Park Jong-Yun, Tsukamoto Mitsuaki, Tanaka Misato, Kamitani Yukiyasu
Department of Intelligence Science and Technology, Graduate School of Informatics, Kyoto University, Kyoto, Japan.
Department of Neuroinformatics, ATR Computational Neuroscience Laboratories, Kyoto, Japan.
PLoS Biol. 2025 Jul 23;23(7):e3003293. doi: 10.1371/journal.pbio.3003293. eCollection 2025 Jul.

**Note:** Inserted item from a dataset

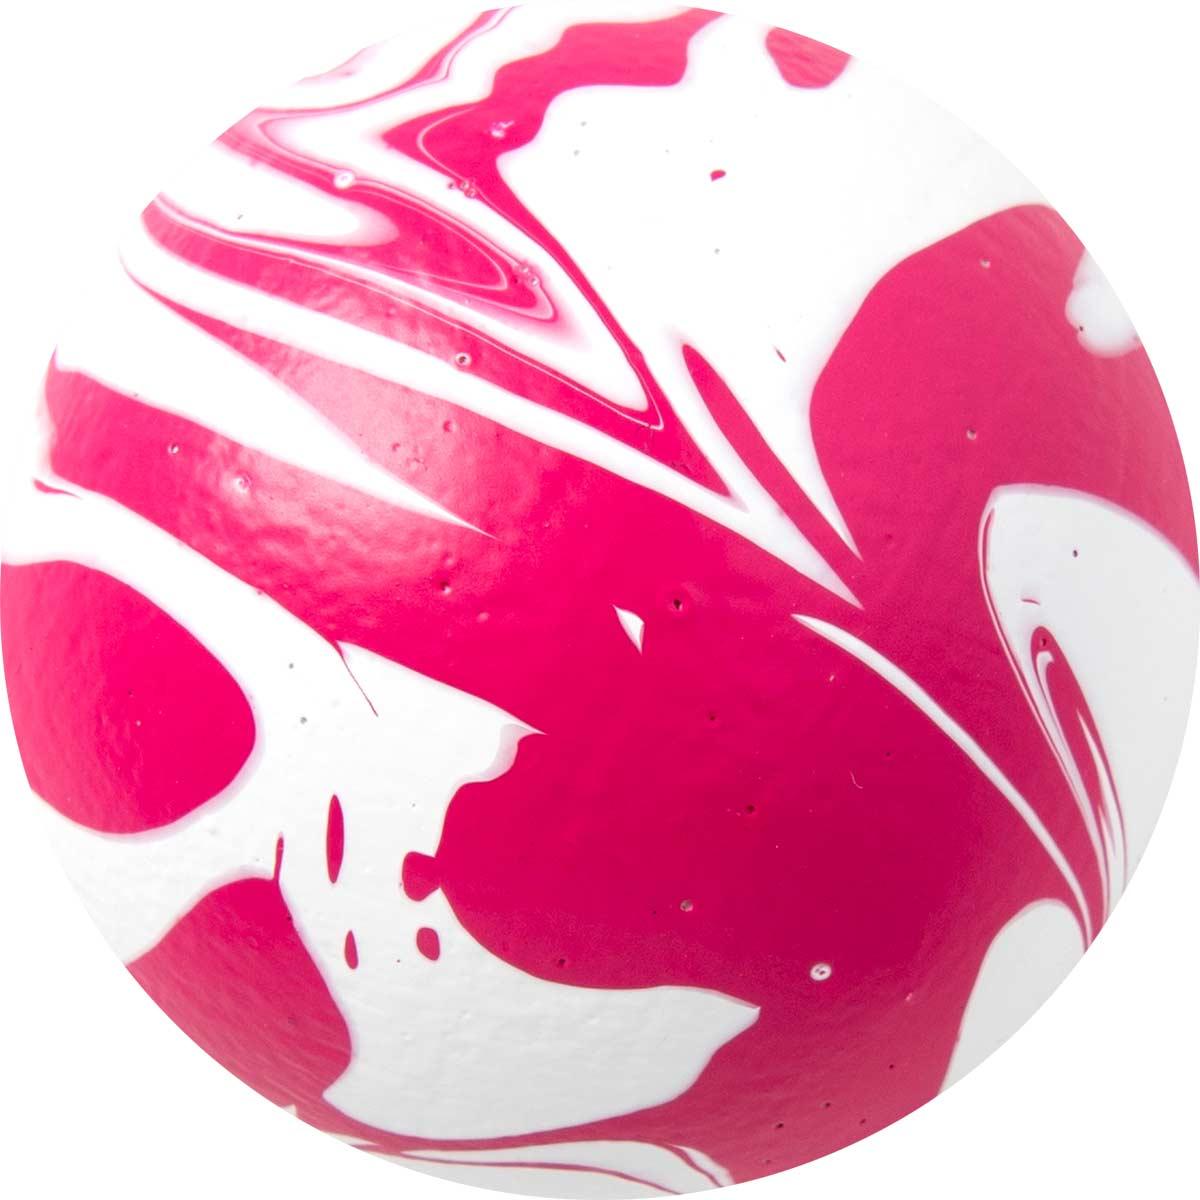 FolkArt ® Marbling Paint - Hot Pink, 2 oz.

Reconstruction of perceptual experiences from brain activity offers a unique window into how population neural responses represent sensory information. Although decoding visual content from functional MRI (fMRI) has seen significant success, reconstructing arbitrary sounds remains challenging due to the fine temporal structure of auditory signals and the coarse temporal resolution of fMRI. Drawing on the hierarchical auditory features of deep neural networks (DNNs) with progressively larger time windows and their neural activity correspondence, we introduce a method for sound reconstruction that integrates brain decoding of DNN features and an audio-generative model. DNN features decoded from auditory cortical activity outperformed spectrotemporal and modulation-based features, enabling perceptually plausible reconstructions across diverse sound categories. Behavioral evaluations and objective measures confirmed that these reconstructions preserved short-term spectral and perceptual properties, capturing the characteristic timbre of speech, animal calls, and musical instruments, while the reconstructed sounds did not reproduce longer temporal sequences with fidelity. Leave-category-out analyses indicated that the method generalizes across sound categories. Reconstructions at higher DNN layers and from early auditory regions revealed distinct contributions to decoding performance. Applying the model to a selective auditory attention ("cocktail party") task further showed that reconstructions reflected the attended sound more strongly than the unattended one in some of the subjects. Despite its inability to reconstruct exact temporal sequences, which may reflect the limited temporal resolution of fMRI, our framework demonstrates the feasibility of mapping brain activity to auditory experiences-a step toward more comprehensive understanding and reconstruction of internal auditory representations.
从大脑活动重建感知体验为了解群体神经反应如何表征感官信息提供了一个独特的窗口。尽管从功能磁共振成像(fMRI)中解码视觉内容已取得显著成功,但由于听觉信号精细的时间结构和fMRI粗糙的时间分辨率,重建任意声音仍然具有挑战性。利用具有逐渐增大时间窗口的深度神经网络(DNN)的分层听觉特征及其神经活动对应关系,我们引入了一种声音重建方法,该方法整合了DNN特征的脑解码和音频生成模型。从听觉皮层活动中解码出的DNN特征优于基于频谱时间和调制的特征,能够对不同声音类别进行在感知上合理的重建。行为评估和客观测量证实,这些重建保留了短期频谱和感知特性,捕捉到了语音、动物叫声和乐器的特征音色,而重建声音并没有忠实地再现更长的时间序列。留类别分析表明该方法在不同声音类别中具有通用性。在更高DNN层和早期听觉区域的重建揭示了对解码性能的不同贡献。将该模型应用于选择性听觉注意力(“鸡尾酒会”)任务进一步表明,在一些受试者中,重建对被关注声音的反映比对未被关注声音的反映更强。尽管该方法无法重建精确的时间序列,这可能反映了fMRI有限的时间分辨率,但我们的框架证明了将大脑活动映射到听觉体验的可行性——这是朝着更全面理解和重建内部听觉表征迈出的一步。